This year pretty much every day seems to be too windy, it deffinatly seems worse than normal. Like others its the gusts and direction that decides it for me. A strong headwind is just a sufferfest but gusts from the side and theres a risk of getting blown into the traffic.


----------



## Dave 123 (8 Jul 2015)

Under 10 mph isn't a wind, 10-15 is a bit breezy, any thing above that is a wind.
Living to the west of Cambridge I get it going home most evenings. Tonight is forecast at 18mph....


----------



## annedonnelly (8 Jul 2015)

Since I started commuting I've gone out in much stronger winds than I would've previously. Sometimes what the BBC are predicting as 30+ mph. Usually the wind is from the west which means a head wind as I go uphill in the mornings. Luckily I'm on cycle paths so I don't need to cope with traffic at the same time as slogging up the hill.

I spend the day looking forward to a tail wind home


----------



## buggi (8 Jul 2015)

I once had to cycle back from work in 27mph. Luckily it was a tail wind and I got home 10 min early! 

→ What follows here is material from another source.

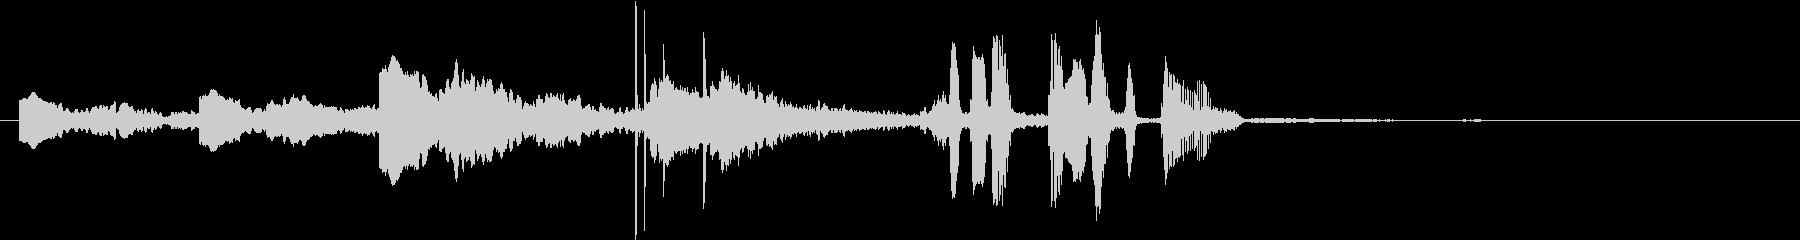 雨を知らせるサイン音+男性アナウンスの未再生の波形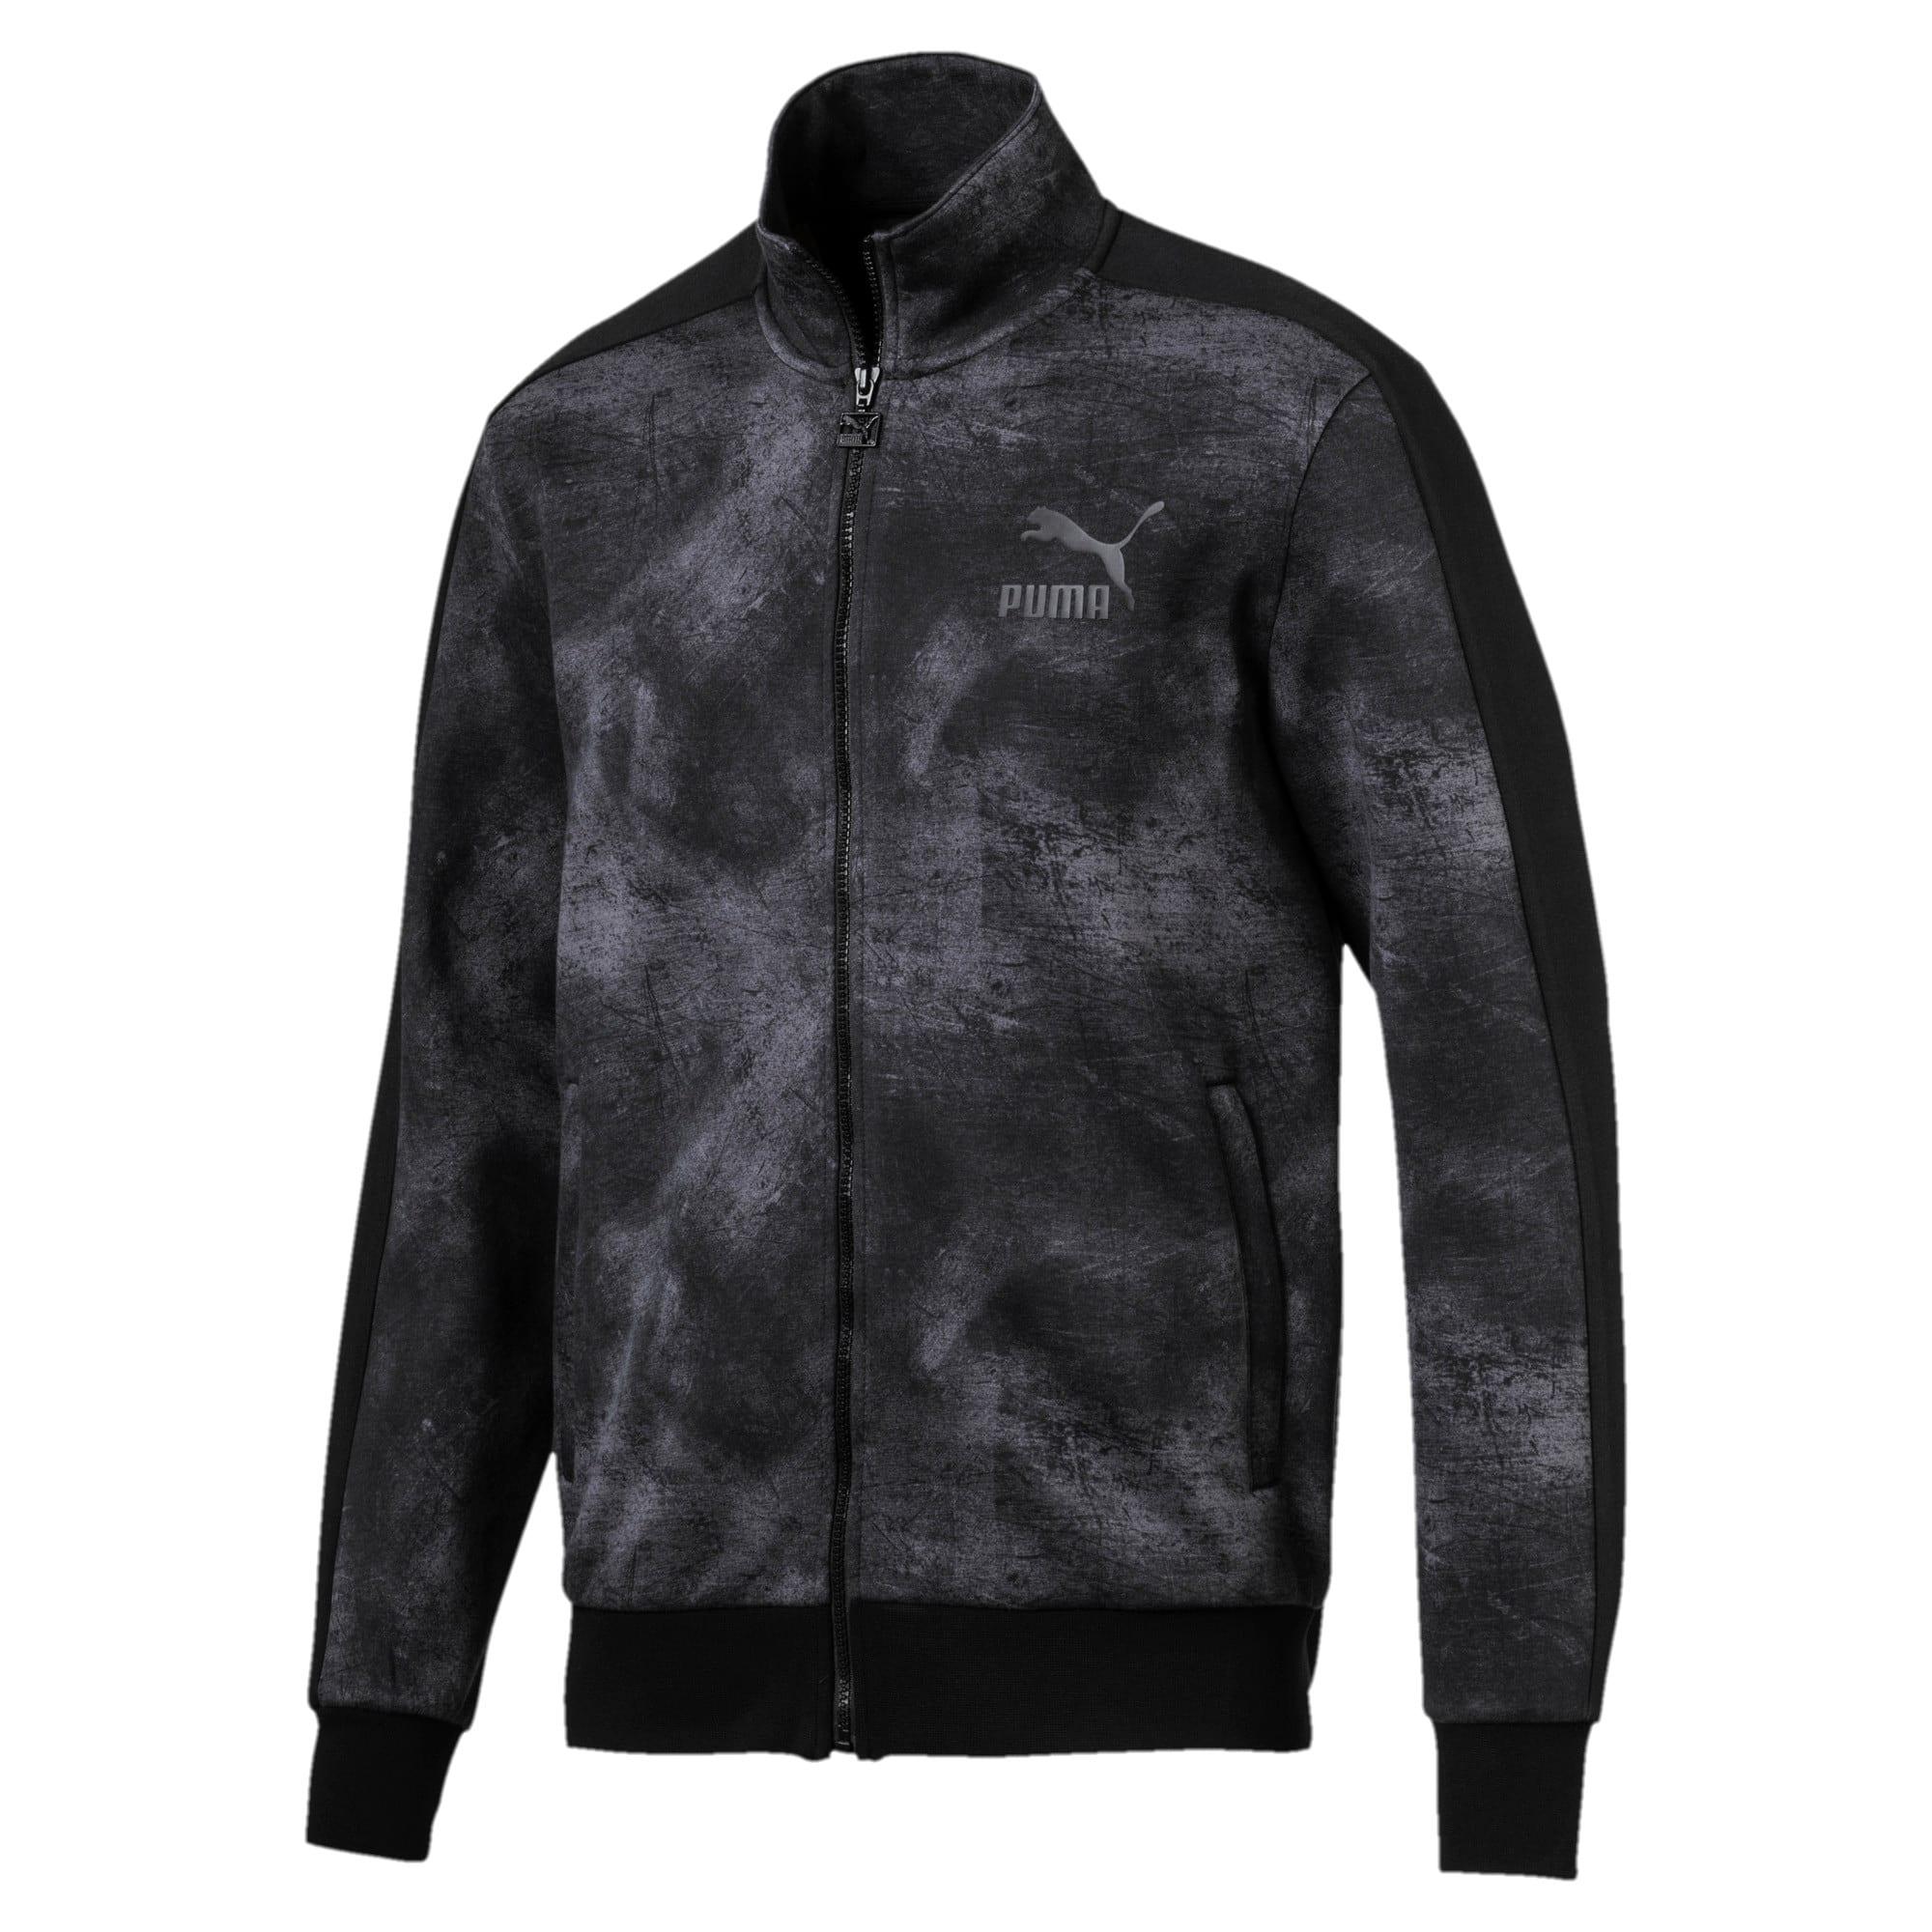 Thumbnail 1 of Classics All-Over Print T7 Men's Jacket, Puma Black-2, medium

Gusty weather is worse. Generality I can't be arsed if it's more than 15 mph, although I'll do 18 if necessary but over that I don't bother unless I'm already out. Anything over 23 I'm scrounging a lift unless its a tail wind which is rare


----------



## Mugshot (8 Jul 2015)

Without wishing to sound as if I'm waving any of my appendages if I didn't go out in some of the wind speeds mentioned above I'd almost never go out. I can only think of once in the last 4 years or so when I haven't ridden due to the wind, that was gusting to around 80mph with torrential rain too, as I was in work and my wife was there with the van I took the option of chucking the bike in the back, however if it had been in the morning coming to work then I would have ridden. I may choose routes more carefully and seek out some with a bit of shelter if it's really blowing but that's about it.
You know when it's proper windy when you have to pedal hard just to keep going down hills which you'd normally freewheel down at 30mph+
As somebody mentioned above, there doesn't seem to have been any let up this year, this morning blowing westerly at 22.5mph and gusting to 27mph feels pretty much like the norm.


----------



## ScotiaLass (8 Jul 2015)

Pale Rider said:


> Several of my loops involve riding up and down the North East coast.
> 
> As a general rule, if there is a headwind, it will be on the way back down.
> 
> ...


Exactly the same as you.
10mph, I won't think twice
15 mph, it depends.
Anything over that and I generally won't go out


----------



## Sharky (8 Jul 2015)

Our evening 10's were cancelled when it was gusting 40+


----------



## raleighnut (8 Jul 2015)

I don't have any other vehicles so I've always had to cycle. I did choose a heftier bike (Raleigh Outlander MTB) when it's windy though.(it doesn't really affect the trike, I just use the electric assist more)


----------



## Bianchi boy (8 Jul 2015)

Every day is a windy day on the northwales coast, the only consolation is the more you can tolerate going into it the more fun it is with the tail wind, It used to bother me anything over 20 mph but you do get used to it, Must admit that rain is my pet hate


----------



## Globalti (8 Jul 2015)

When it's blowing from the SW we ride from Settle to Kirkby Stephen, blown all the way apart from a short westerly section, then get the train back. Wind-assisted cycling is great!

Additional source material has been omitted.